I can share my file with you, if you think that could help identify the problem.

You could try debugging across network and use your device to run it over WiFi while watching the debug info on your PC. I think that may work.

If that fails, PM me a link to the zipped up project, and I’ll give it a run on my surface laptop 2. It may be low specced enough to be affected.

1 Like

Gotcha, I’ll get back to you.

1 Like

One thing to always keep in mind:

If your max FPS is 60, and the tester’s PC is 144hz, they will see framedrops. This is a side effect of Chromium/Electron forcing Vsync, and vsync requires the FPS to be an even divisor of the monitor refresh rate and an even divisor of the original framerate.

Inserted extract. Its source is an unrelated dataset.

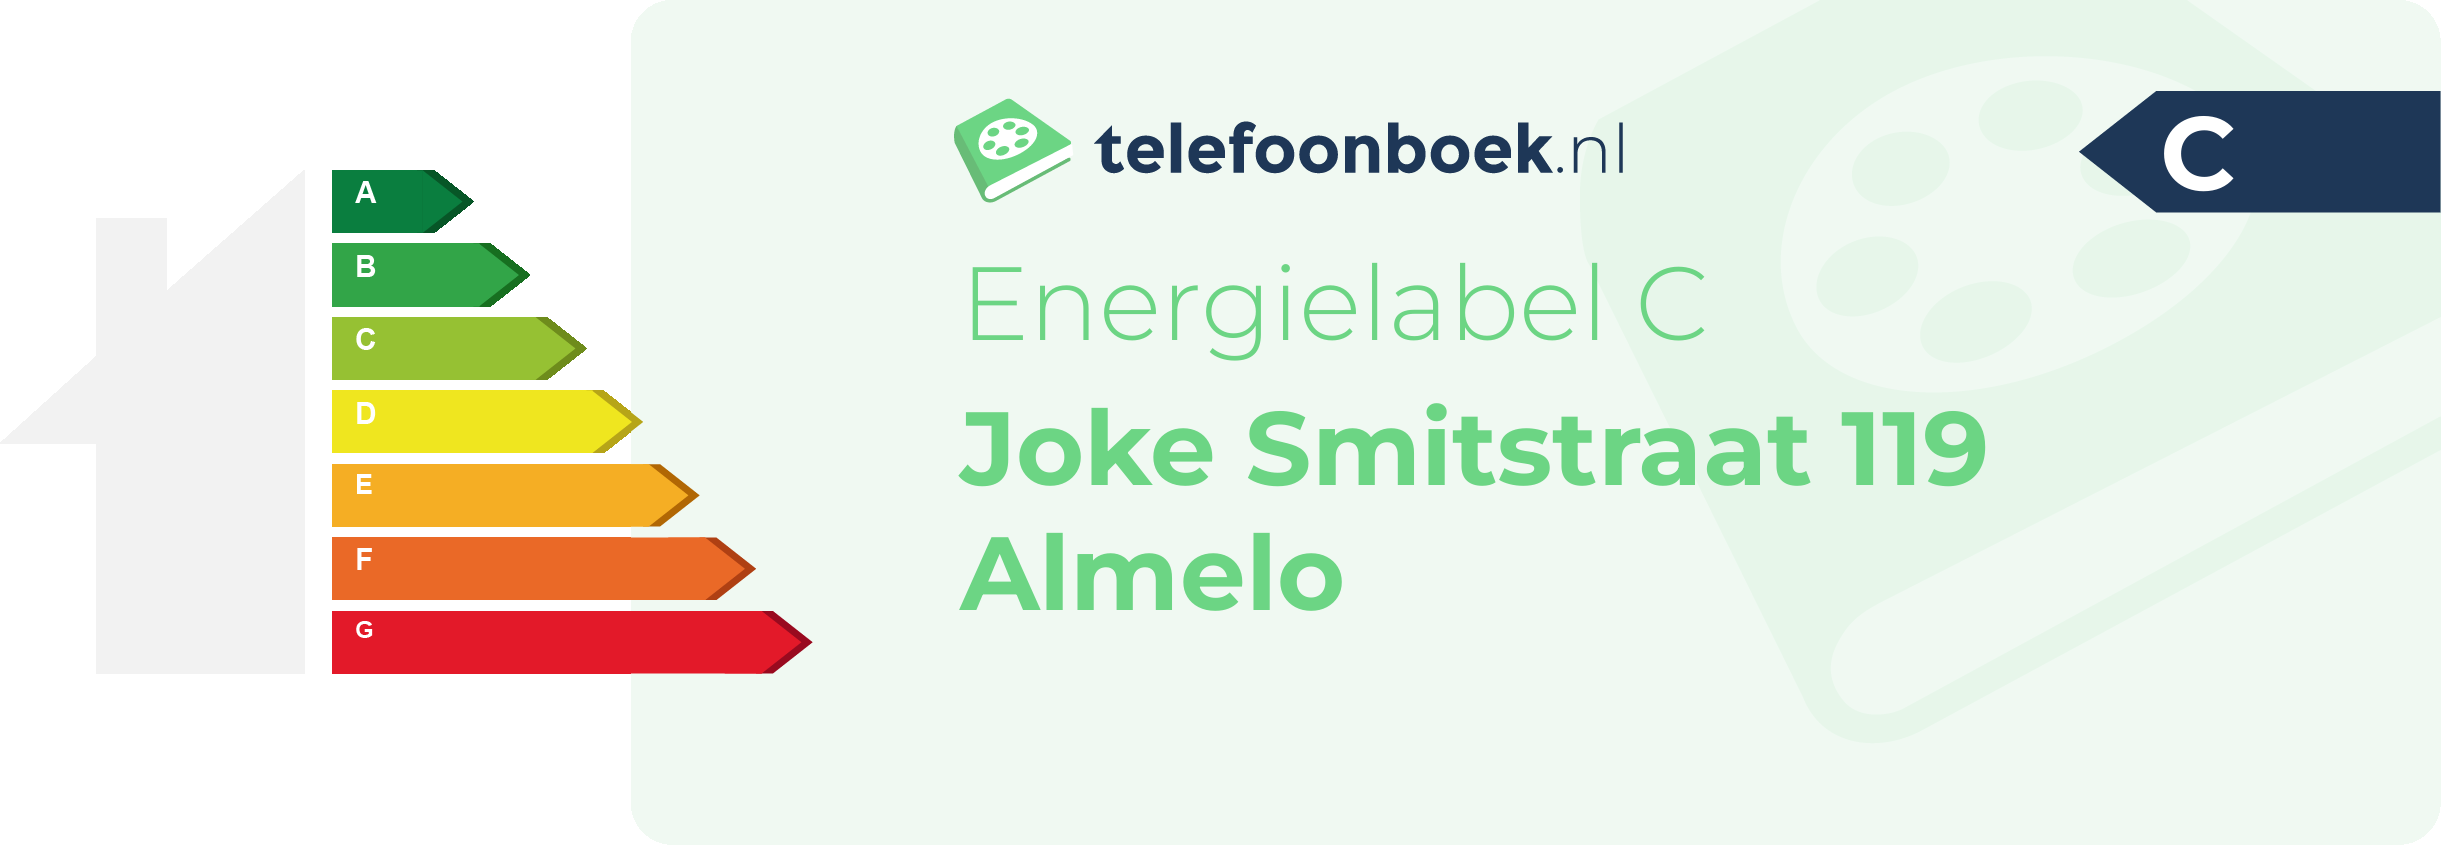 Energielabel Joke Smitstraat 119 Almelo
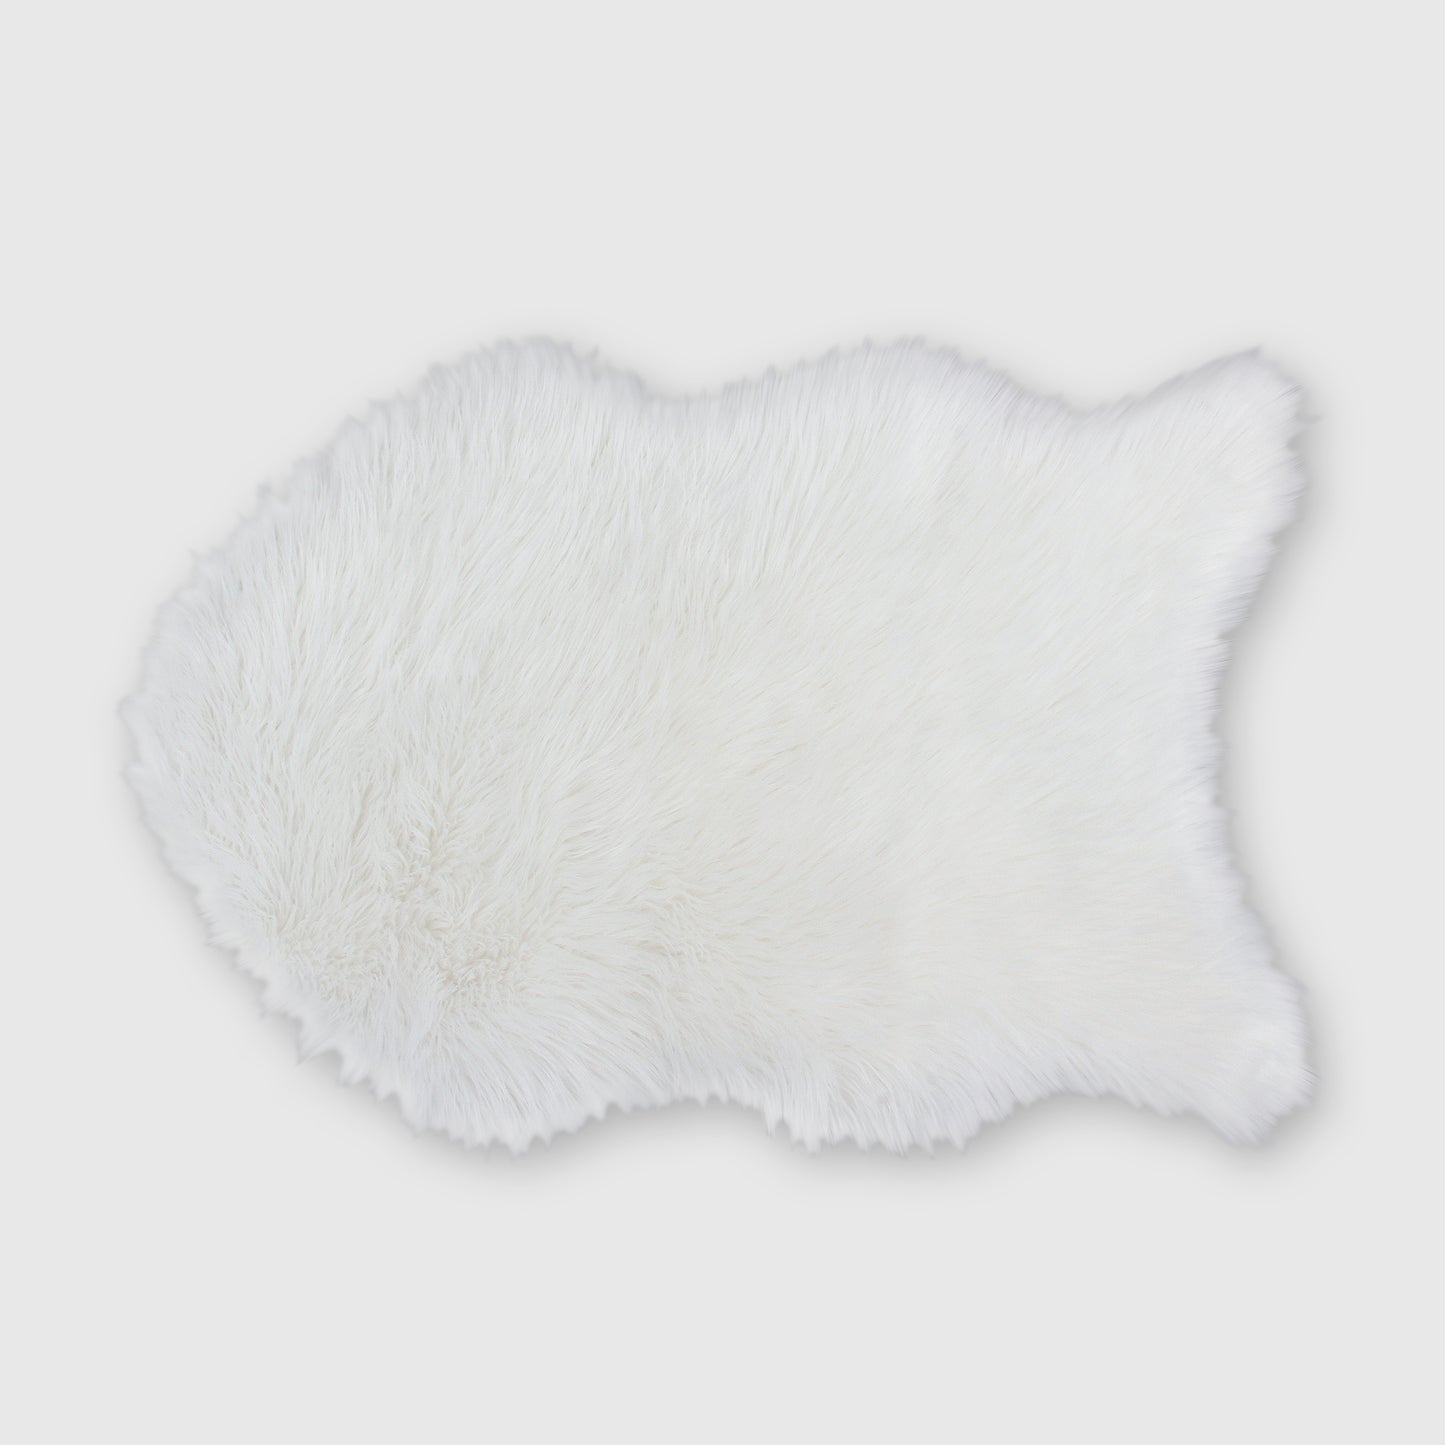 The Mood | Harris Faux Fur 2'x3' Rug, White

e.g. If your max FPS is 60, and their refresh rate is 144hz, the FPS will drop to 48 as that’s the nearest divisor for both the 60 fps and 144hz.

This may not be related to the issue, but it’s always a good thing to check.

2 Likes

That may very well be the issue here, I did not know that at all.

I do limit the max and min FPS of all my games to 60, and the devices that playtested the game have a high refresh rate. However, my PC is running on a high refresh rate as well and the problem doesn’t exist in my case, so I don’t know what to think of that.

Not sure how would I find a solution to this if I want to keep the max FPS of 60.

I’ll check the debugger when I get the time and send the zipped file after I check the performance on my phone.

Playtested on my phone – the results did not consist of any framerate drops. The debugger showed a low 1 to 2 ms on the profiler for the first scene, on which other stronger devices (PCs) did have an FPS drop. The second (main) scene showed around 8 ms, of which around 65% was because of rendering.

I’ll be sharing the zipped file in your DMs if you don’t mind.
I hope we’ll solve this issue one way or another!

1 Like

I managed to get the game to run slowly on my phone via Network preview. Like your tests, the profiler showed the rendering was the biggest resource hog.

I’ve spotted a similar issue a few years back, and the problem then was with the screen and object shake extensions. I tested this by taking out the extensions and the associated actions. And the game ran a more smoothly.

If you can replicate the screen and object shaking without the extension, you may be able to resolve the FPS drop.